▶ Records shown
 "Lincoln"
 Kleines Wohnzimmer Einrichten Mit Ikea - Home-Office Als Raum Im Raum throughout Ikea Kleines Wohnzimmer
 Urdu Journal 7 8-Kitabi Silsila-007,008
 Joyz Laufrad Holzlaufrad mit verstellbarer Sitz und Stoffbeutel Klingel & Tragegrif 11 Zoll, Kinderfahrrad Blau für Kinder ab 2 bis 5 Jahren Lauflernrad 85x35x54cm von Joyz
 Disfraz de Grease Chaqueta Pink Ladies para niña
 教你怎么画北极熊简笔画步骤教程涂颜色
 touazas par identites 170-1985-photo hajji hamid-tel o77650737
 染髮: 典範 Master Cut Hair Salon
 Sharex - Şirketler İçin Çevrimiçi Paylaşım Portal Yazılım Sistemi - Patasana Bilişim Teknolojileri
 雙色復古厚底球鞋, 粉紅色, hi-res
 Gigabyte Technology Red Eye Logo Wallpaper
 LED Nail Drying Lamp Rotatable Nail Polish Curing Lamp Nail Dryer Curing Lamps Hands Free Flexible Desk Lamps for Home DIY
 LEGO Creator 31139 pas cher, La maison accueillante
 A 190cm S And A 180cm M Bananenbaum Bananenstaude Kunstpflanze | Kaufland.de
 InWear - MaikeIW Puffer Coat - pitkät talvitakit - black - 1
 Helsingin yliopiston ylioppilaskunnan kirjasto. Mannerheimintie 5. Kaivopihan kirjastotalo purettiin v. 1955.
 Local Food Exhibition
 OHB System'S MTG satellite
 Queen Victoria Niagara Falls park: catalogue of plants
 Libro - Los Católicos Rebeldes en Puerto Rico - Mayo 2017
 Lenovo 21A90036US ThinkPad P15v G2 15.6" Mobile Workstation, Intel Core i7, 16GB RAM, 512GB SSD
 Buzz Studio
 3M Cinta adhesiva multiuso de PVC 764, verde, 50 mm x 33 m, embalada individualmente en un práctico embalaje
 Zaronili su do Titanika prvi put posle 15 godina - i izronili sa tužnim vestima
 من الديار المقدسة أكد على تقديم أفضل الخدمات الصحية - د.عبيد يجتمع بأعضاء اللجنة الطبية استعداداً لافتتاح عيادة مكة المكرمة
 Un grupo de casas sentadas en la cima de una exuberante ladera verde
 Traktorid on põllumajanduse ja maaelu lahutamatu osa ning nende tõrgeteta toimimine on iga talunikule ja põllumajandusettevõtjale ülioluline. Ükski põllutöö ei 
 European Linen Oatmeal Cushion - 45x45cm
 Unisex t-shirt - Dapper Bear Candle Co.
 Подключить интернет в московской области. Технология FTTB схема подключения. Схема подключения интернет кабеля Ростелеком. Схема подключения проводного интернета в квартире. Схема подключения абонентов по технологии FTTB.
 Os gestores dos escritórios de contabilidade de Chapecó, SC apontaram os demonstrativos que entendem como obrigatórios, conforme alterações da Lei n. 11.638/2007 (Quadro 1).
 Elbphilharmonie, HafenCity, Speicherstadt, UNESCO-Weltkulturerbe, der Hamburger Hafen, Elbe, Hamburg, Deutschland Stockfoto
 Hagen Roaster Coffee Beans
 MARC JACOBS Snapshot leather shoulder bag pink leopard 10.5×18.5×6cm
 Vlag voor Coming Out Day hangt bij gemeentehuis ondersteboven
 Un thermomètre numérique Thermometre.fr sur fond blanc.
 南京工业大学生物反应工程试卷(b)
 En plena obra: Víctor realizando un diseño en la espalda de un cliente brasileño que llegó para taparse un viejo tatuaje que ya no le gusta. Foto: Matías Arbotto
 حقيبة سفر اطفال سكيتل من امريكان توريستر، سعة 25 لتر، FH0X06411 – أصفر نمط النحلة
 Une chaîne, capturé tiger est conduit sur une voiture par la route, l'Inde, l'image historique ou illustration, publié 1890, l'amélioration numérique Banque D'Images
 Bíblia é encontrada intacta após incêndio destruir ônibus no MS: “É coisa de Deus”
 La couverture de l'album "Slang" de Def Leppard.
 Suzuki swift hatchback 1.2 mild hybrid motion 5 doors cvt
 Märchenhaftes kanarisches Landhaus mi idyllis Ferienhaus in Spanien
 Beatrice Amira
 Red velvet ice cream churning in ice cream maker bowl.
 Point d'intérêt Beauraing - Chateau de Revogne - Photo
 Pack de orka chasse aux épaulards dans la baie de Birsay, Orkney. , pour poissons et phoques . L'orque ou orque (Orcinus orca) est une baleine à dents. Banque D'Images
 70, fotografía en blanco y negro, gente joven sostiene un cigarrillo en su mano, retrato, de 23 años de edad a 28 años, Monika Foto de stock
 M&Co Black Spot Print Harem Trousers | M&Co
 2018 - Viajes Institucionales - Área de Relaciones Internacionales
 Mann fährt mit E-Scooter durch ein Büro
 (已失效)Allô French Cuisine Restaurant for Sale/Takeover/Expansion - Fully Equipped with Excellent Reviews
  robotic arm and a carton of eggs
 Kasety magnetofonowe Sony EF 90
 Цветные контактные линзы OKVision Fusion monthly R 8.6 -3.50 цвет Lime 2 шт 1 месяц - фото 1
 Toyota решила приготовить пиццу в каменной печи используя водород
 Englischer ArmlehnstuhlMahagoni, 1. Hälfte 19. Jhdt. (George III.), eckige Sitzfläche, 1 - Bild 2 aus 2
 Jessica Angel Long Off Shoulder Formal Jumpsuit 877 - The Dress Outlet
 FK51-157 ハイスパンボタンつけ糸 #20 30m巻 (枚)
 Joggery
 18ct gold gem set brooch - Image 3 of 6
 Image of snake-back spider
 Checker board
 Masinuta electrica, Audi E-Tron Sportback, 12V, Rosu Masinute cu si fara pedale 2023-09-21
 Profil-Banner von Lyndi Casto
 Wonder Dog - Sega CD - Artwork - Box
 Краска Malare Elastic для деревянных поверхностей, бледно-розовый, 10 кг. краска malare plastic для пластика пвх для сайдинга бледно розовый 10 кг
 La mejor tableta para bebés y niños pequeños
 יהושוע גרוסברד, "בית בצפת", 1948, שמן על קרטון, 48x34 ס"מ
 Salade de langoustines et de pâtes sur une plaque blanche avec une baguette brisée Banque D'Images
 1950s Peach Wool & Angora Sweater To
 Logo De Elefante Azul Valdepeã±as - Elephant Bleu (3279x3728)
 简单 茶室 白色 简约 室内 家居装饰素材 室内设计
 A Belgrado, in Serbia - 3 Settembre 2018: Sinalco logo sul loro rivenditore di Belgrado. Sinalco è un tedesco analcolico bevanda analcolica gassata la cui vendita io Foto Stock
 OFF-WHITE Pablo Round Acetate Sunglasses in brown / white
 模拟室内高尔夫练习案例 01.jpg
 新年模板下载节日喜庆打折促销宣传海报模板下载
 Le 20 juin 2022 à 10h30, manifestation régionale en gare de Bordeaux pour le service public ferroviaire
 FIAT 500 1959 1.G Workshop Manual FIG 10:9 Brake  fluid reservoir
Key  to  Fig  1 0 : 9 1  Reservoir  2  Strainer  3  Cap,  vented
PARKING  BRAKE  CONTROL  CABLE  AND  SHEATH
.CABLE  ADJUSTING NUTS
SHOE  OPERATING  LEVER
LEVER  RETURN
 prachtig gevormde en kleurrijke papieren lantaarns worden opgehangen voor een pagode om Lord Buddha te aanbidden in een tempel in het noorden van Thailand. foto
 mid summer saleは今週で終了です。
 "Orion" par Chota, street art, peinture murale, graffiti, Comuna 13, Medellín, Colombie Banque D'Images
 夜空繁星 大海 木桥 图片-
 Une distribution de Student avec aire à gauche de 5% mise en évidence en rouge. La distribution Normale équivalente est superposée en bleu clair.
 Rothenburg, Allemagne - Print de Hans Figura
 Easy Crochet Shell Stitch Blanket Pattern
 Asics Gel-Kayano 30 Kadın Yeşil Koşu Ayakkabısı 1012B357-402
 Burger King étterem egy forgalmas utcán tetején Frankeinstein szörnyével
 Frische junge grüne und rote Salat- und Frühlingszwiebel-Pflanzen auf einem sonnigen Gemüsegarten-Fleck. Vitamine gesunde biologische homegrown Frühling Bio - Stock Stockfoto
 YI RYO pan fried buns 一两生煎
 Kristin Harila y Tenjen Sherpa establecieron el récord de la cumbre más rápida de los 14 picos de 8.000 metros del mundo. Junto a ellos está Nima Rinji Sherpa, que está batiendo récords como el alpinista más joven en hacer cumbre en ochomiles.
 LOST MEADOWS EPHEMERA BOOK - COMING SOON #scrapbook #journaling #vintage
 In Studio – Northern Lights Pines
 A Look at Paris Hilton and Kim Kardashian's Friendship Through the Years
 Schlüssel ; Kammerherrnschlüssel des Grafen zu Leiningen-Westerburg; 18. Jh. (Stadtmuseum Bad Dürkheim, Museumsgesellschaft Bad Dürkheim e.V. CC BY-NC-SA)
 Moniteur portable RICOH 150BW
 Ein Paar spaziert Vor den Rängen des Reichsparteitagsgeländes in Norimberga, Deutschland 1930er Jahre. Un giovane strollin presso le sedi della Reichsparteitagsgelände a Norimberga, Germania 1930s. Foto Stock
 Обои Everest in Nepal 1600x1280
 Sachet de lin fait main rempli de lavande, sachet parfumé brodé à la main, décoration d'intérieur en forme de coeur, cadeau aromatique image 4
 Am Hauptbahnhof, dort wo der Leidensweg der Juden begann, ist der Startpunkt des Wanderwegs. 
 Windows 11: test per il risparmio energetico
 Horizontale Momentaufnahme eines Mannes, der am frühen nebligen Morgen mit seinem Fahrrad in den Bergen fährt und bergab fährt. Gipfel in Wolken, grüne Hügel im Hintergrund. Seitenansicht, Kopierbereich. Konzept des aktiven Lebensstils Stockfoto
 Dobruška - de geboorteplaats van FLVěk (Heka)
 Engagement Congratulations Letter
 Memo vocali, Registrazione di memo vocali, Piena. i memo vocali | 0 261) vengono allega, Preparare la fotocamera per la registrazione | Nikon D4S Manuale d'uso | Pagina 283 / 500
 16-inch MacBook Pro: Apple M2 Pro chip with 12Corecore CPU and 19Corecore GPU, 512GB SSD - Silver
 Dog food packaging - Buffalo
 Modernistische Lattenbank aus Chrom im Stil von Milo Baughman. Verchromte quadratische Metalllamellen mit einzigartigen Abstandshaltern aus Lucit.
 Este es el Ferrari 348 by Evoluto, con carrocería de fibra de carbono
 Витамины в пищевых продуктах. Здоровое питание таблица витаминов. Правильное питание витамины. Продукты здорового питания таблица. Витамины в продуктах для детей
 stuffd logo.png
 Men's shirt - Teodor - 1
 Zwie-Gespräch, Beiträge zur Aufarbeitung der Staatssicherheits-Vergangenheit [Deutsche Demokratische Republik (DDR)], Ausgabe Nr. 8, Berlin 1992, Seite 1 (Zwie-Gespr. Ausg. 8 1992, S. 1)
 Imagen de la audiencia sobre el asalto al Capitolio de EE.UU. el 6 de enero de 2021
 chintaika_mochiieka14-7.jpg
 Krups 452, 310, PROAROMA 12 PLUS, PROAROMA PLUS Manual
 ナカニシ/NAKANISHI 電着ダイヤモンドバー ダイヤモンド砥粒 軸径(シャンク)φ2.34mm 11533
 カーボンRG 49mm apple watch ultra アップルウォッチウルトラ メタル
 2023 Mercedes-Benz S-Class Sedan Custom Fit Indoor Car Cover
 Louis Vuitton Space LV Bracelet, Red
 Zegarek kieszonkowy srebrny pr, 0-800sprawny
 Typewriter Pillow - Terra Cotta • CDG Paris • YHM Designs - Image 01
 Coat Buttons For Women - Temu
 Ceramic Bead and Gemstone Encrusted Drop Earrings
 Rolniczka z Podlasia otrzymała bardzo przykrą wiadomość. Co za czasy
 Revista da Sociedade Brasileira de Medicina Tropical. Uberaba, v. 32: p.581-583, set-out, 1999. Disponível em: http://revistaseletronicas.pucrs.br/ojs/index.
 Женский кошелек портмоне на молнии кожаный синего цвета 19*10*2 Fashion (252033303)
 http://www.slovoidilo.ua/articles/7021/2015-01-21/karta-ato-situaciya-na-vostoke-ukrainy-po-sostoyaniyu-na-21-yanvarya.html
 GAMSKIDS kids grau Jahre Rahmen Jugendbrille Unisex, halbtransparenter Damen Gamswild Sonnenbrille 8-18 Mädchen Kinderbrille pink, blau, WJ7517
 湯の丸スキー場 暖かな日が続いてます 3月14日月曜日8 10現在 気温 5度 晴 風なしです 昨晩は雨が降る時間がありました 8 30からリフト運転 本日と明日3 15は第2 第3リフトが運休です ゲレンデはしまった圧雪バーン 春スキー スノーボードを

▶ Exercise
Copy each line from the data above that includes "shirt".

▶ Response to the exercise
 Unisex t-shirt - Dapper Bear Candle Co.
 Men's shirt - Teodor - 1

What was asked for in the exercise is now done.